Task item:
With the pictures omitted, print exactly the lines below, from the one containing "emojis ios 91 whatsapp clipset" through the one containing "Cámara Deportiva 1080P, videocámara", and nothing else.

Exercise material:
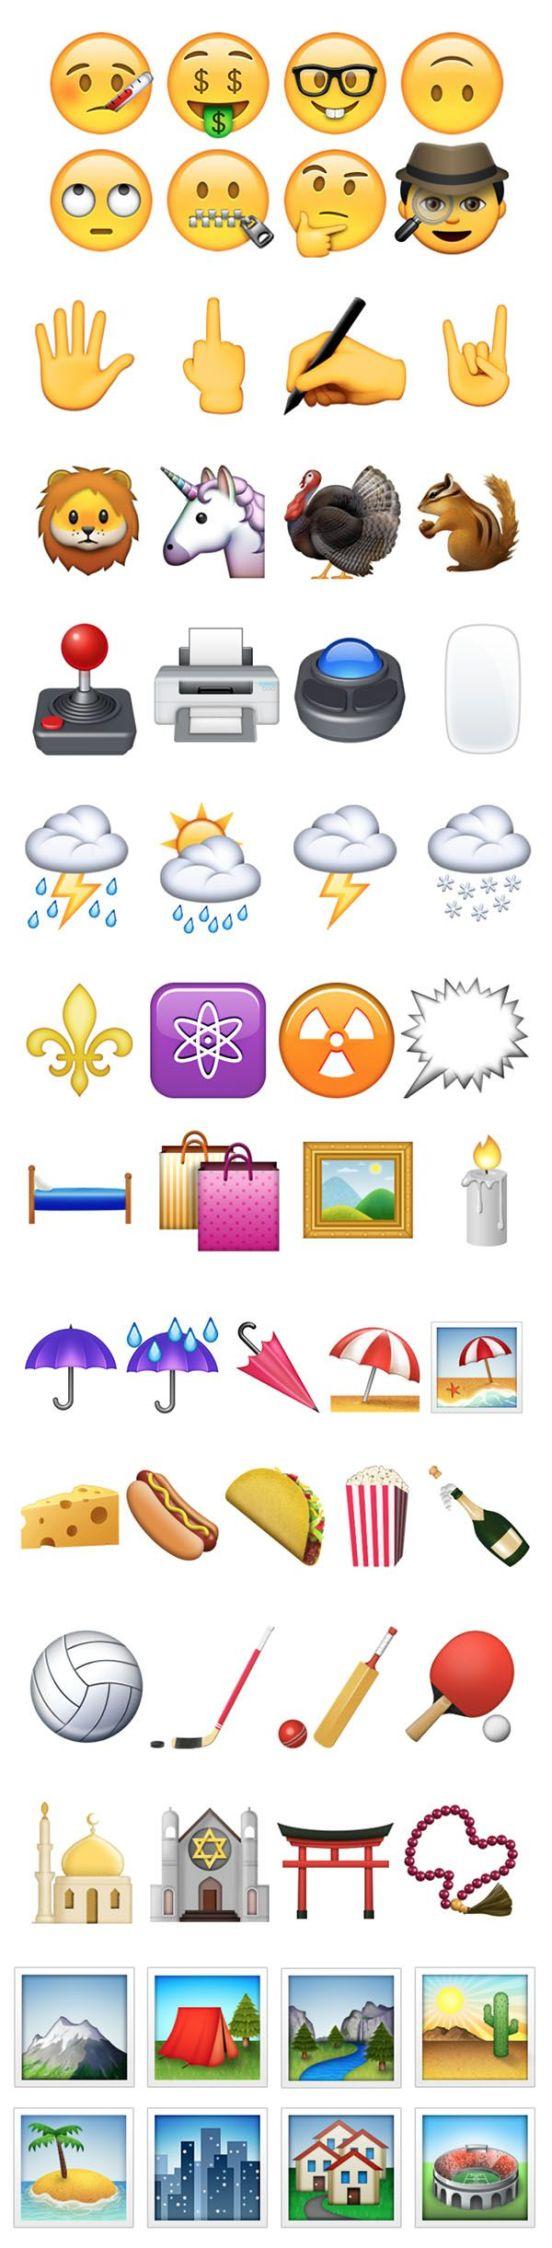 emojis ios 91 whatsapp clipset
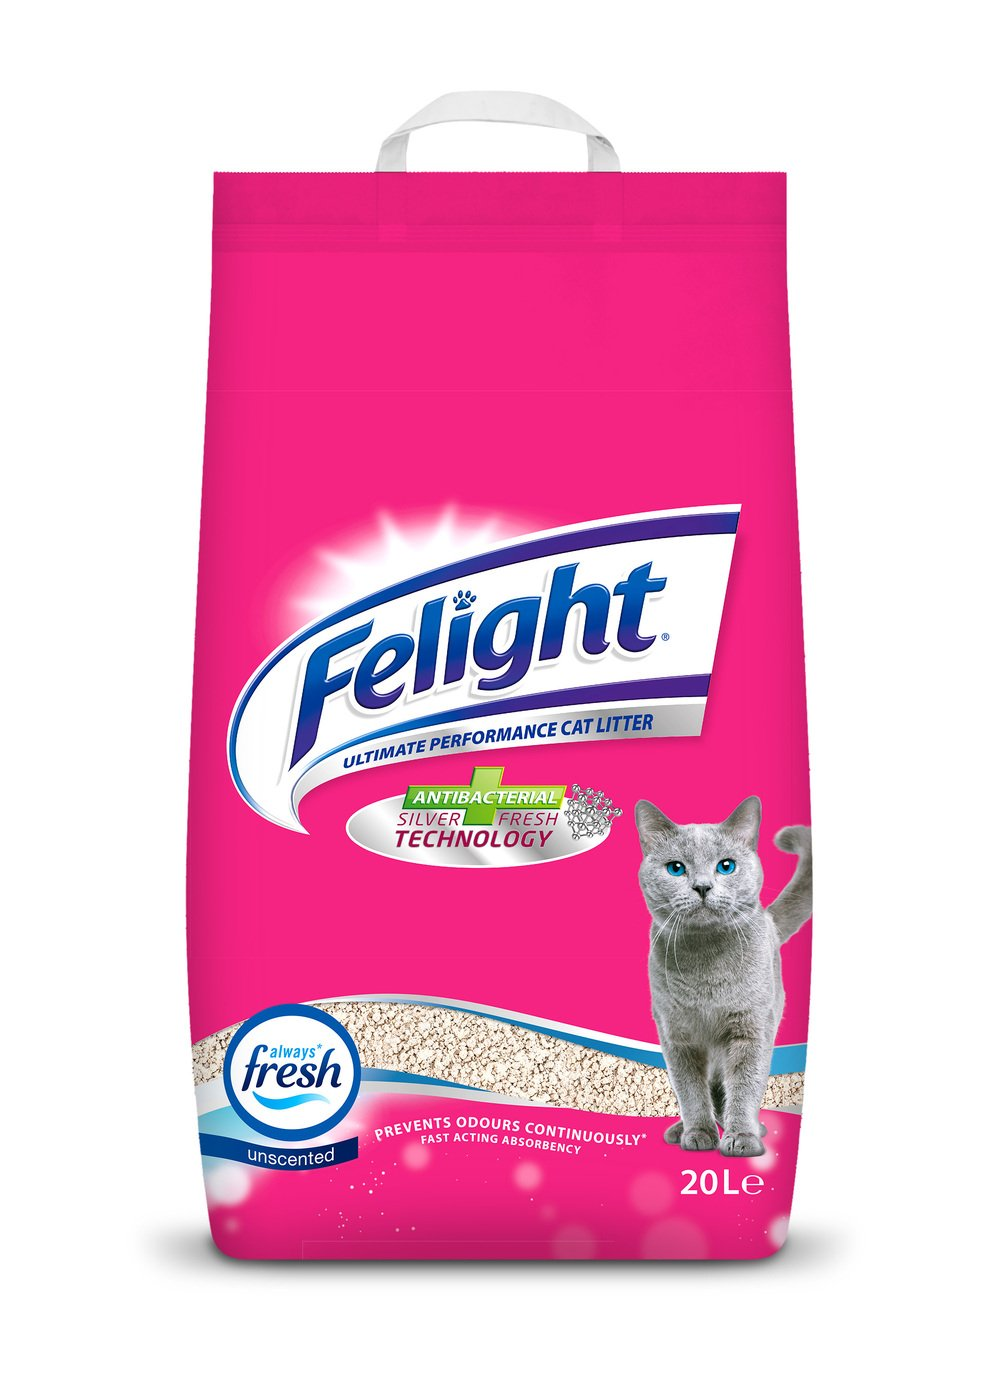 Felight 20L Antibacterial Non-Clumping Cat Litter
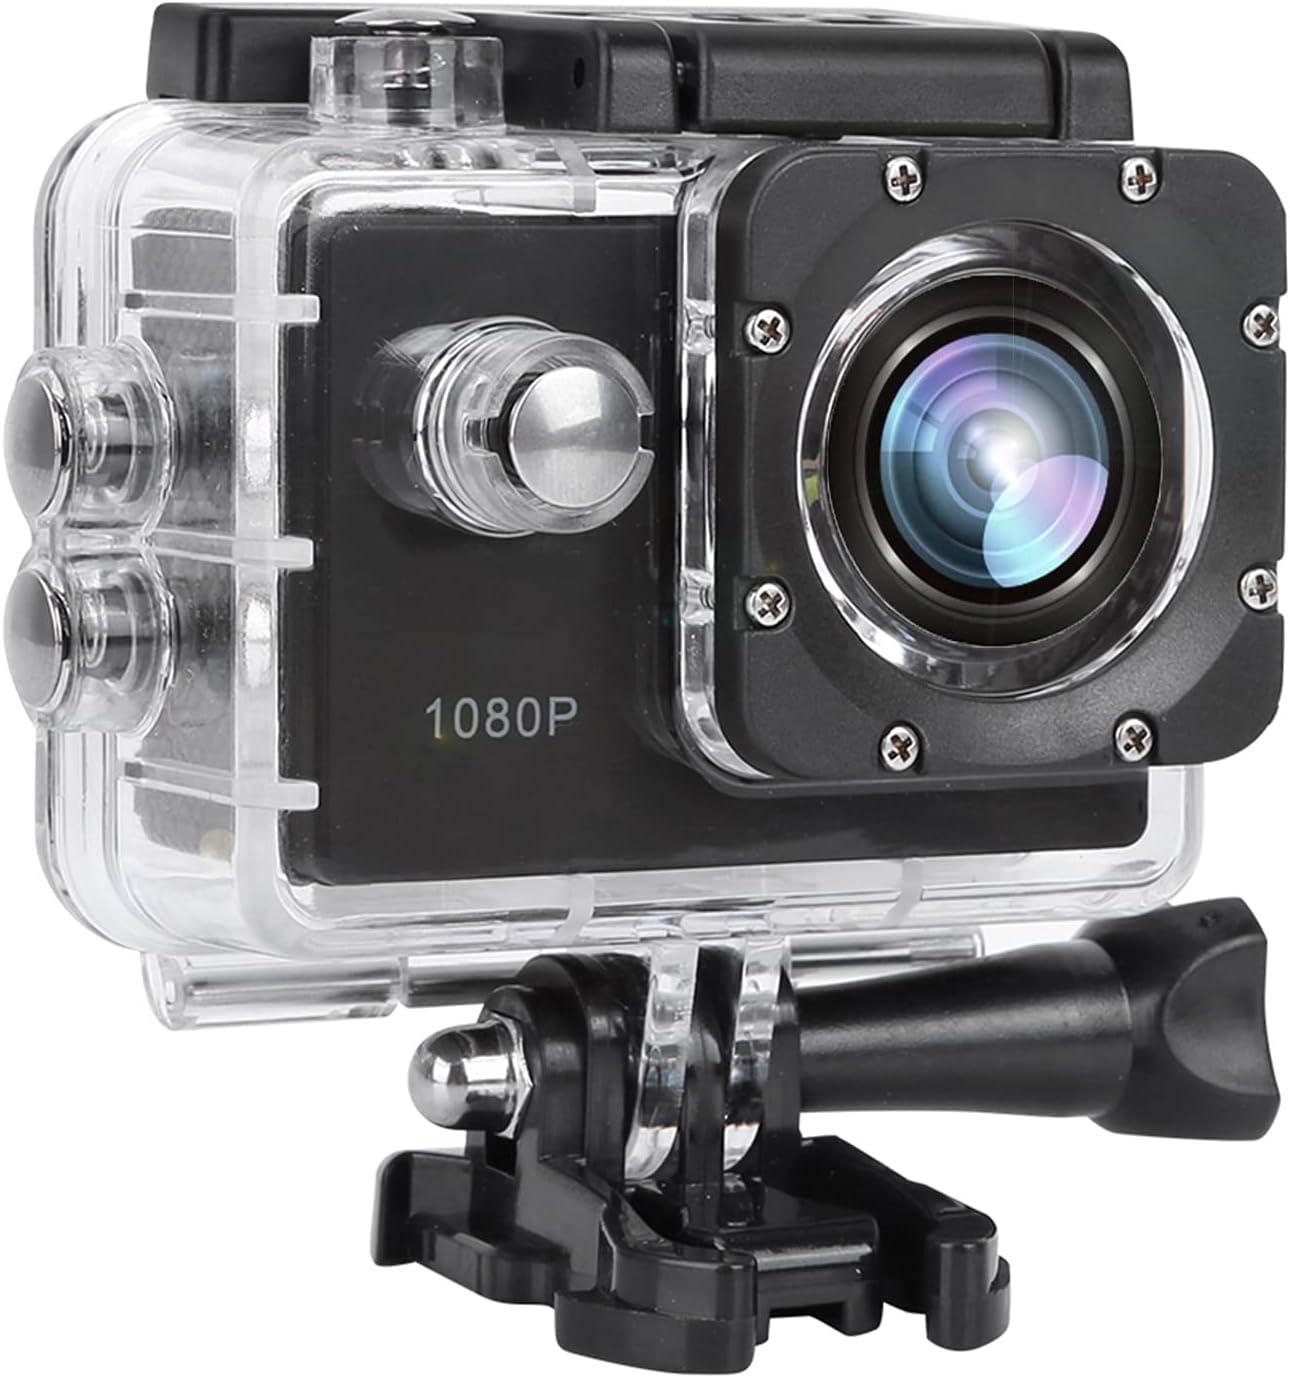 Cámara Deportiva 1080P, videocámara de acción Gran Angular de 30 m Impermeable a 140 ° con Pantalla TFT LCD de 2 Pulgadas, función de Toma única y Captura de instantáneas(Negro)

...

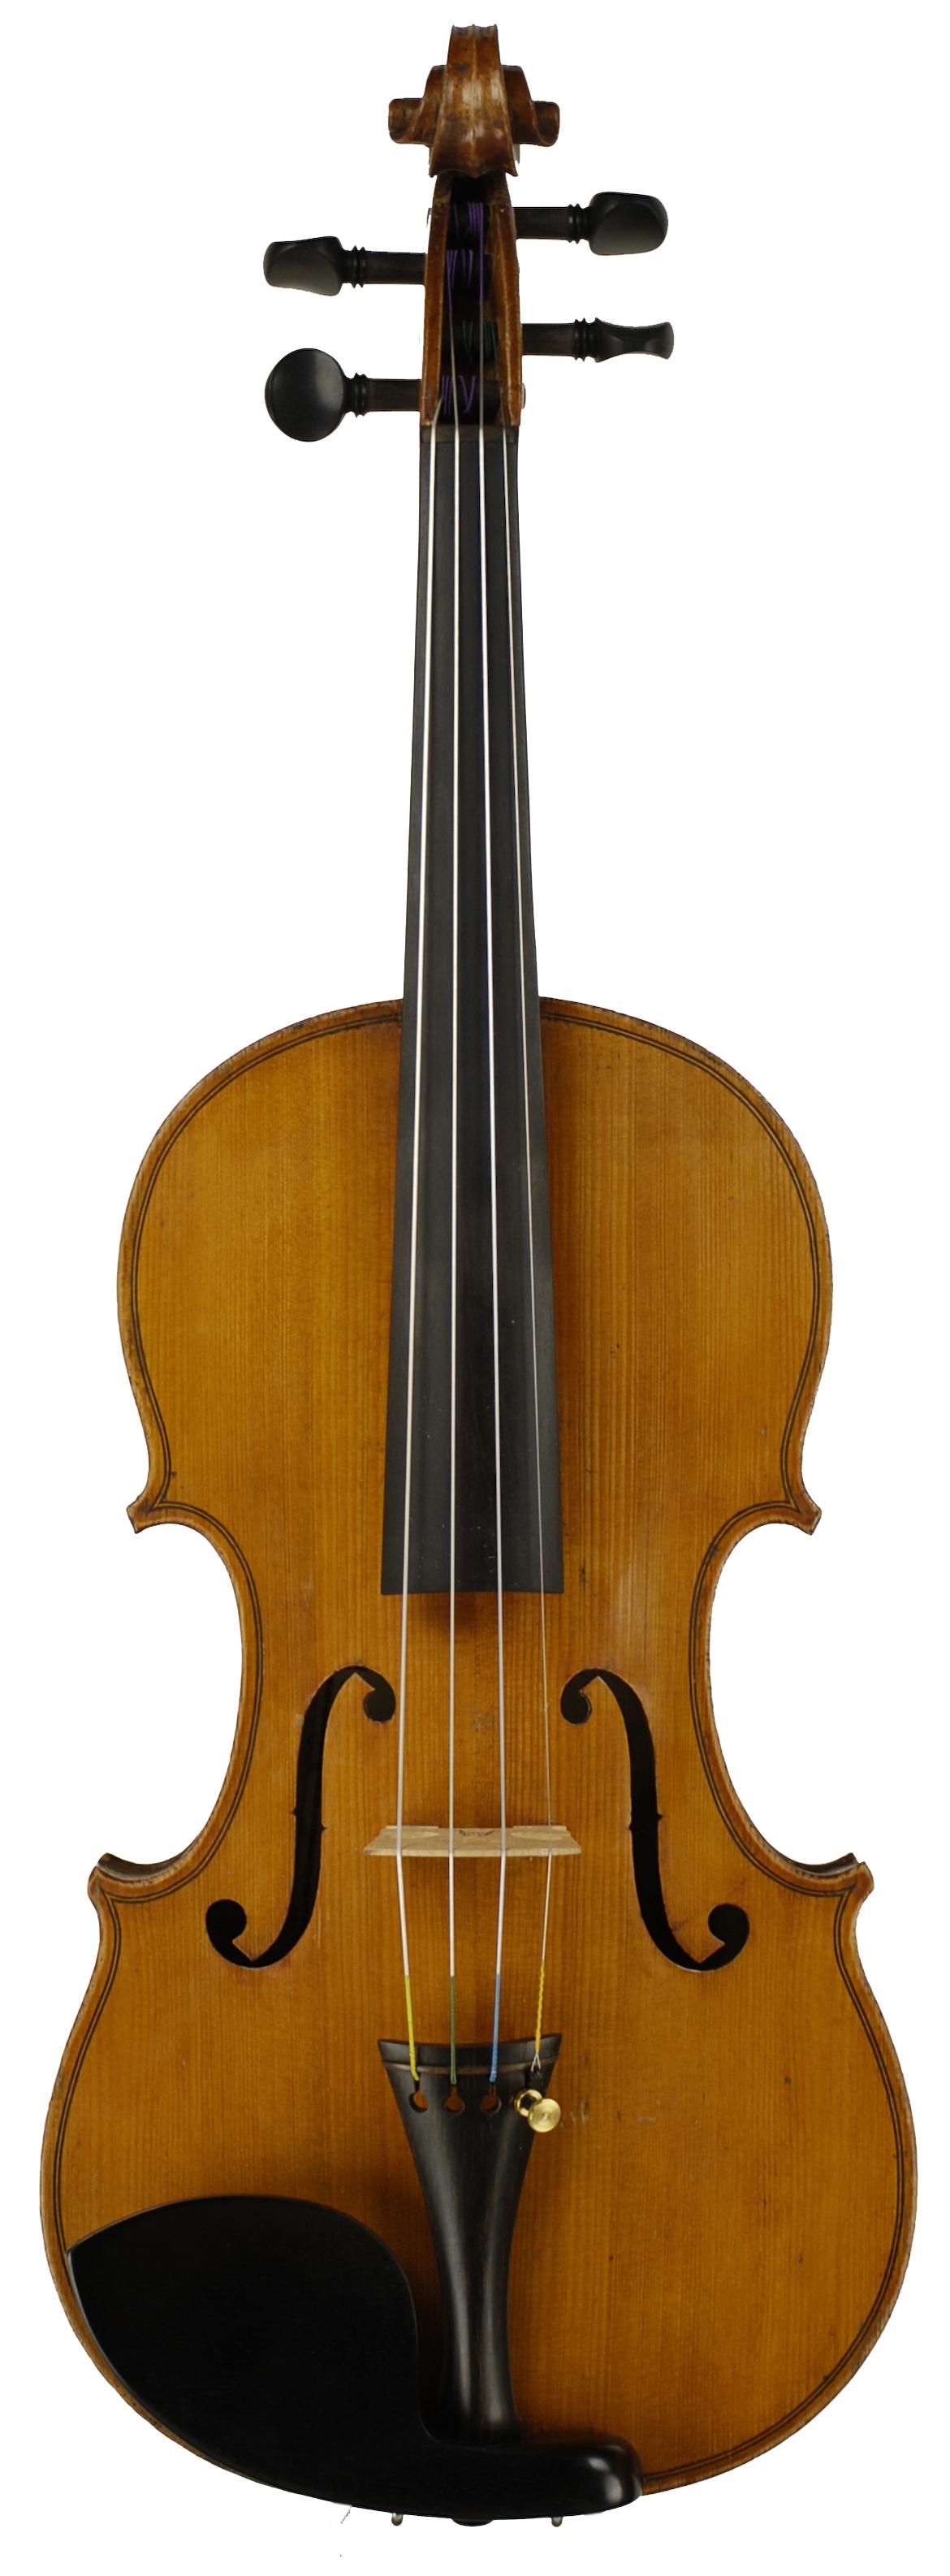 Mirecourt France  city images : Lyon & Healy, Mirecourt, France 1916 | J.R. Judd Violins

Answer section:
 emojis ios 91 whatsapp clipset
 Felight 20L Antibacterial Non-Clumping Cat Litter
 Cámara Deportiva 1080P, videocámara de acción Gran Angular de 30 m Impermeable a 140 ° con Pantalla TFT LCD de 2 Pulgadas, función de Toma única y Captura de instantáneas(Negro)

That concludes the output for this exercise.